I haven't had shrimp toast since I was in college. Yum. It looks crispy and delicious. I'll pop over and take a look at your new blog site. I know how hectic it is after holidays and also being in a state of "limbo". Much care to you.

thang @ noodlies said...

Great photos, the food seem to pop out from the screen.

Great, delicious looking shots.

Min {Honest Vanilla} said...

Yep this sure looks posh :) This will make any guest swoon as a starter! Fantastic idea and lovely sauce too :)

Karen said...

These are indeed posh! They look lovely - perfect party food.

a frog in the cottage said...

needless to say it is divine !! and so chic !!

Jayson James said...

This looks great and I can't wait to share this with my mom.

Thanks for sharing!

Jenn Brigole said...

That looks wonderful. Just perfect for some calm sunday mornings for me and my friends. I think I'm trying this with the mayo first and savor it before I try the spicy dip. Thanks for sharing!

Kubełek Smakowy said...

Looks delicious!

Joanne said...

Vacation always puts me out of whack for days...weeks even. But I'm sure you'll get back into your groove! Both of these sauces sound delicious!

Swathi said...

You make dishes very creative, love to try them, even though I won't eat any non veggie. sure visit your new place.

Juliana said...

Ellie, these prawn toast look amazing with salmon roe and the yuzu mayo...that a lovely combination of flavors...and the pictures are just so inviting. Hope you are having a great week :-)

Anh said...

very pretty Ellie! :) Hope you get your inspiration back soon xoxo

Melissa said...

This looks to die for!! Lov your new blog as well, think it's a great idea just having photo's and recipes.. Also, meant to leave a message about your szechuan (sorry about my terrible spelling) oil to say it was incredible! I made it for my dad and he loved it :-)

Mei Sze said...

YUM!!! Posh prawn toast!! Looks absolutely delicious Ellie..Hope you get back into the swing of things...I'm feeling the Autumn Blues too..worst still I have the flu now :( Looking forward to all your future projects.. Har Gao's on my list as well! :)

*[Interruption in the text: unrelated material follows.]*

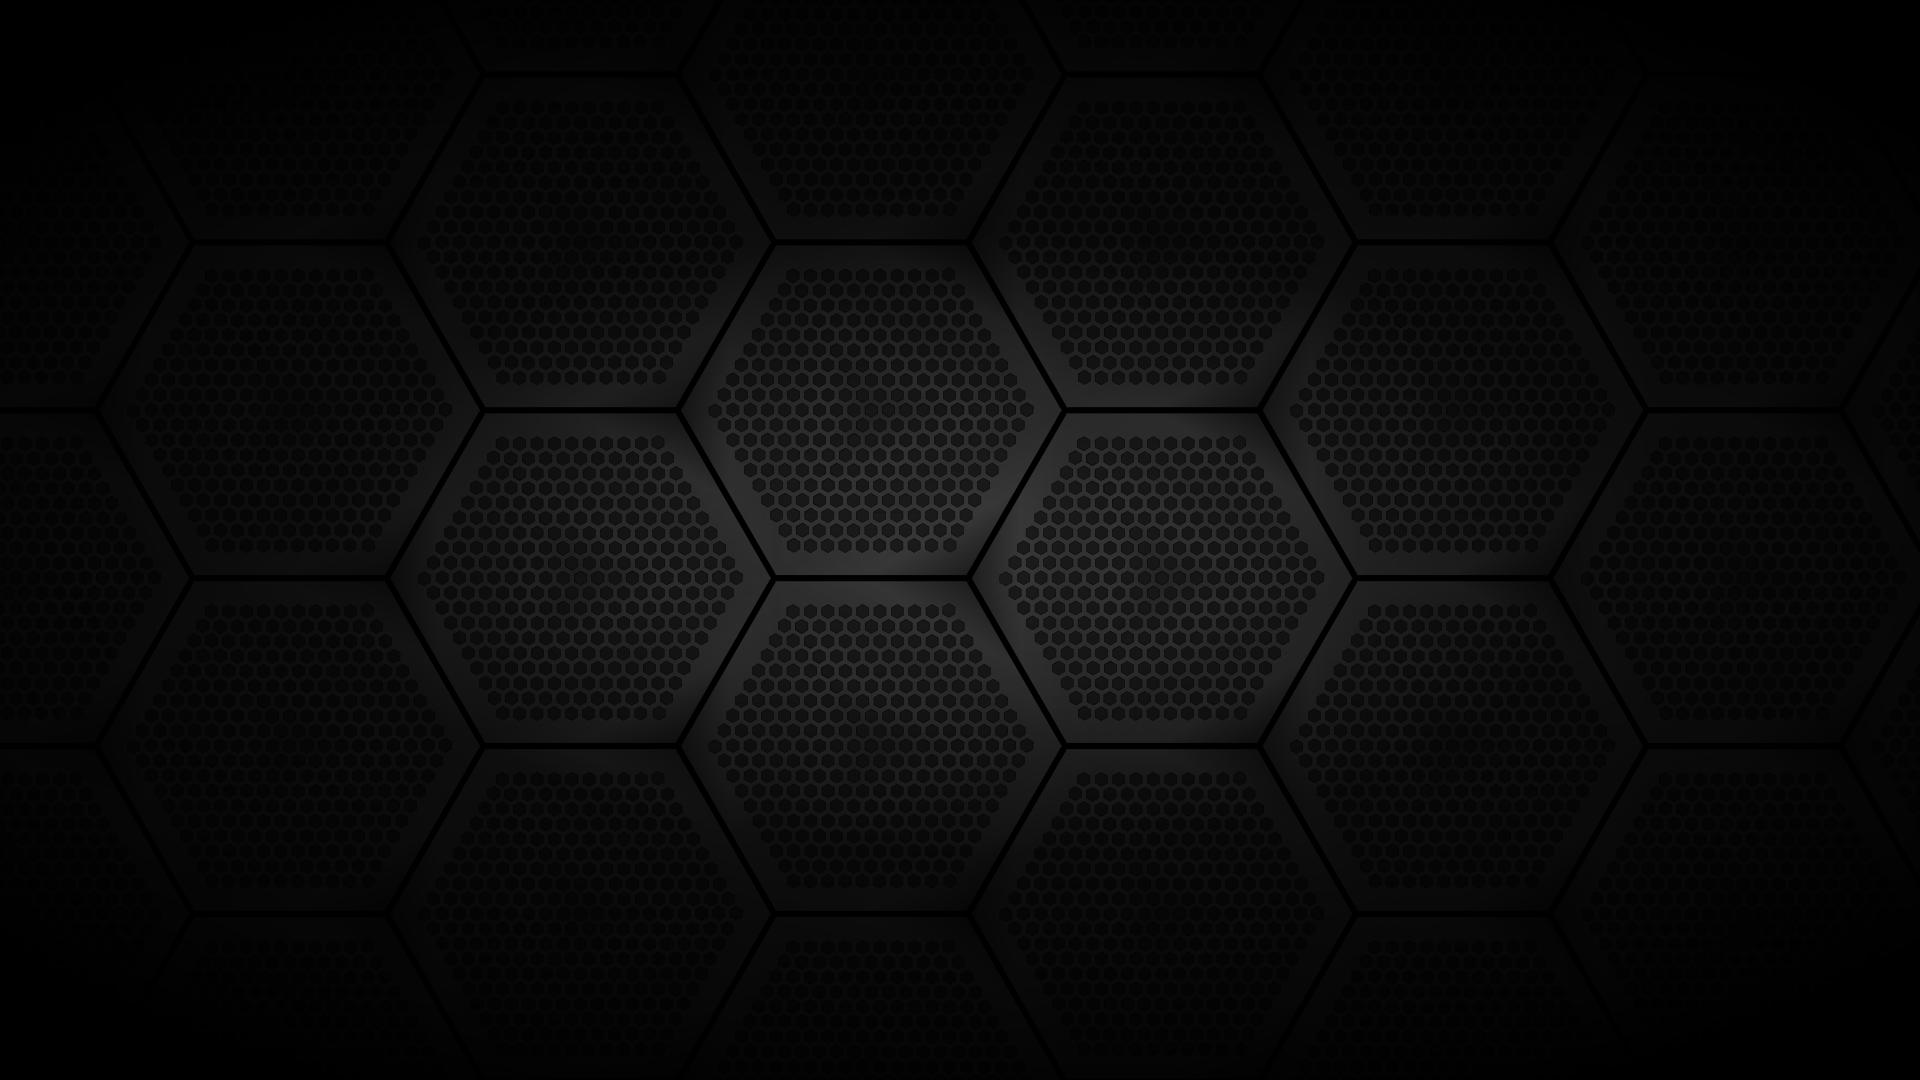 hexagons textures grid chrome digital art nanosuit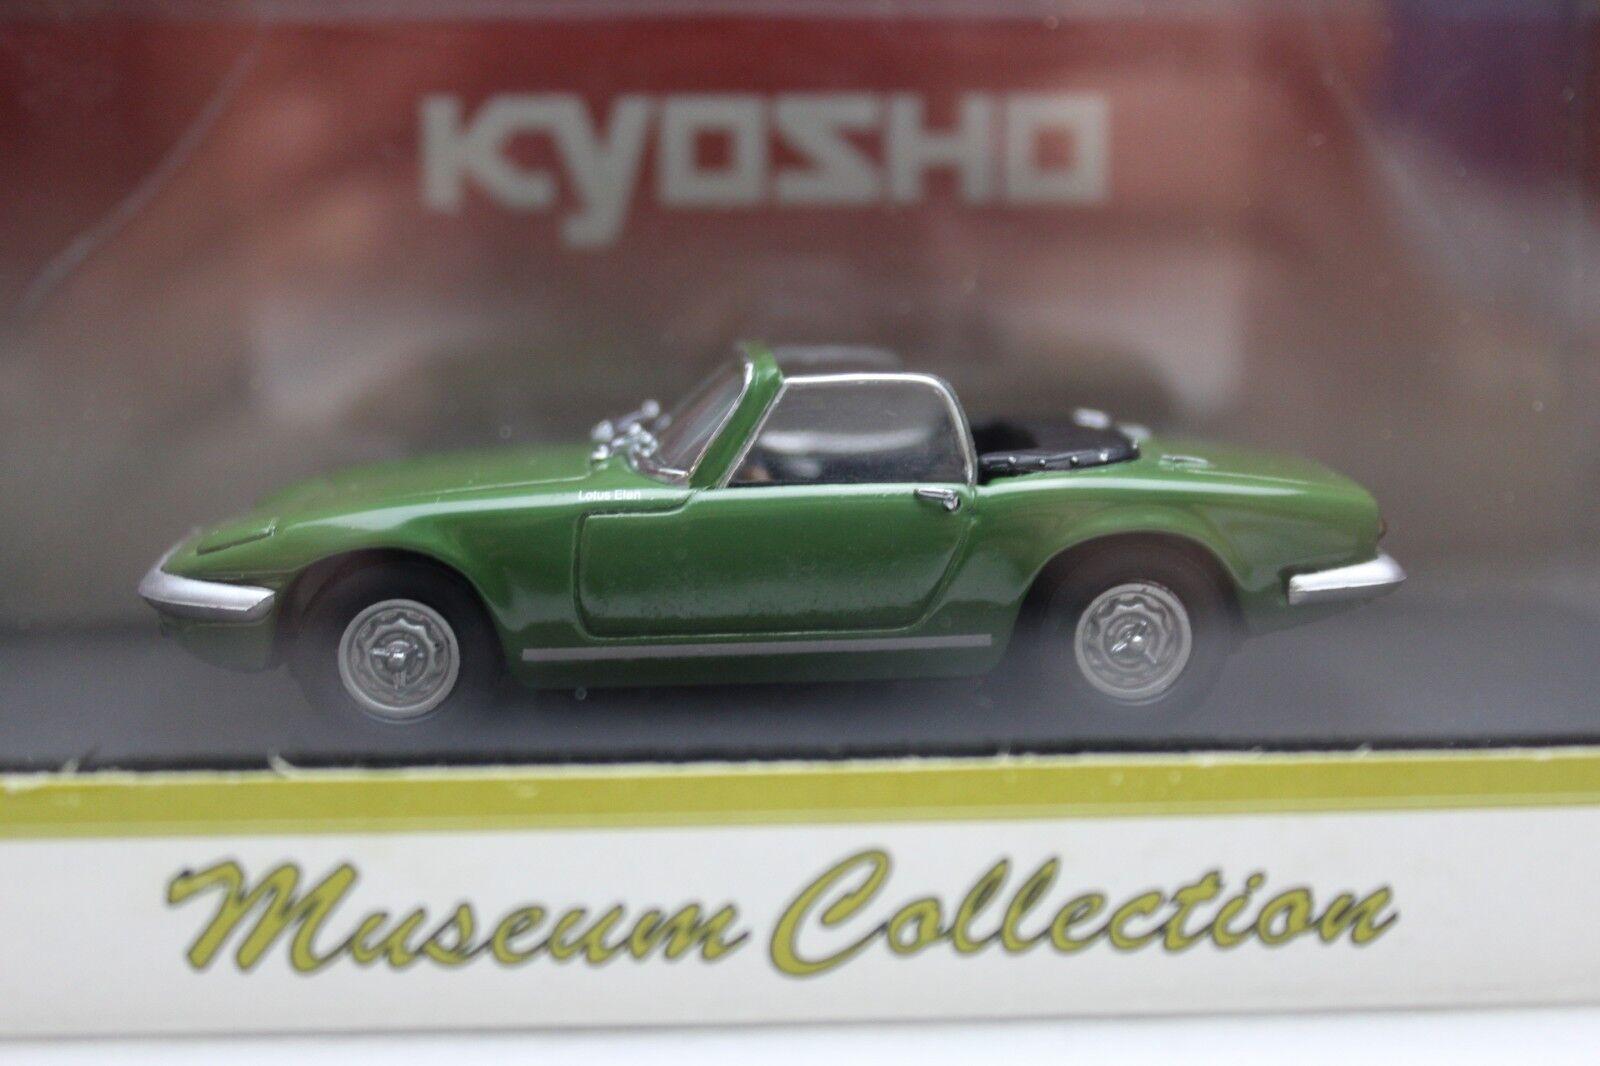 KYOSHO Lotus Elan S3 Open Green Museum Collection 1 43 Model Car New 03041G

Relishment (Rory Hart) said...

I can't go past prawn toast, it is probably one of my guilty pleasures that I must indulge from time to time.

chopinandmysaucepan said...

Love salmon roe and they add to the colour and glam of the dish too :)

Angie Lives to Eat (and Cook)! said...

Very posh prawn toasts indeed! ;) But I'd definately prefer to have these anyday! Yummo!

Jeannie said...

Great photos and a very apt name for this toast...looking forward to more delicious goodness!

Barbara said...

What a gorgeous presentation, Ellie. Considering you're still not in the blogging mode, I'd say you have a winner.
Can't wait to see the rest of your "to do" list!

the jr. chef said...

Beautiful pictures and writing style. The blog title is very fitting and cute. Please visit my blog www.pickyeatersolutions.blogspot.com and leave a few tips that have been helpful with you and your blog, I would really appreciate it. Thanks so much.

Xiaolu @ 6 Bittersweets said...

I can't believe it but I've never actually had prawn toast and it's never seemed appealing until now. I LOVE gochujang and it's basically enough reason to convince me to try any dish...plus how awesome is "red dragon" for the name of a sauce!

Jess said...

I'm also having a not-getting-back-in-the-swing of blogging few weeks. It's so easy to get up, walk away, and enjoy making the food without taking pictures or writing a blog post that takes around an hour to write.
Can't wait to see your new 'home'!! I'm going there now!

pigpigscorner said...

I like the idea of citrusy mayo. Looks so good esp with the spicy sauce. YUM!

Janine said...

oooh I'm really really really looking forward to your Nyonya spiral curry puff!!! And I've never had prawn toast this posh - with yuzu mayo and red dragon sauce sounds like something I'd have in a restaurant!

Victoria said...

I'm sorry you haven't felt super motivated lately. Trust me, a lot of bloggers (including yours truly) go through that from time to time. I look forward to reading your new blog as well. These shrimp toasts are beautiful and I love your updated sauces too. Very nicely done.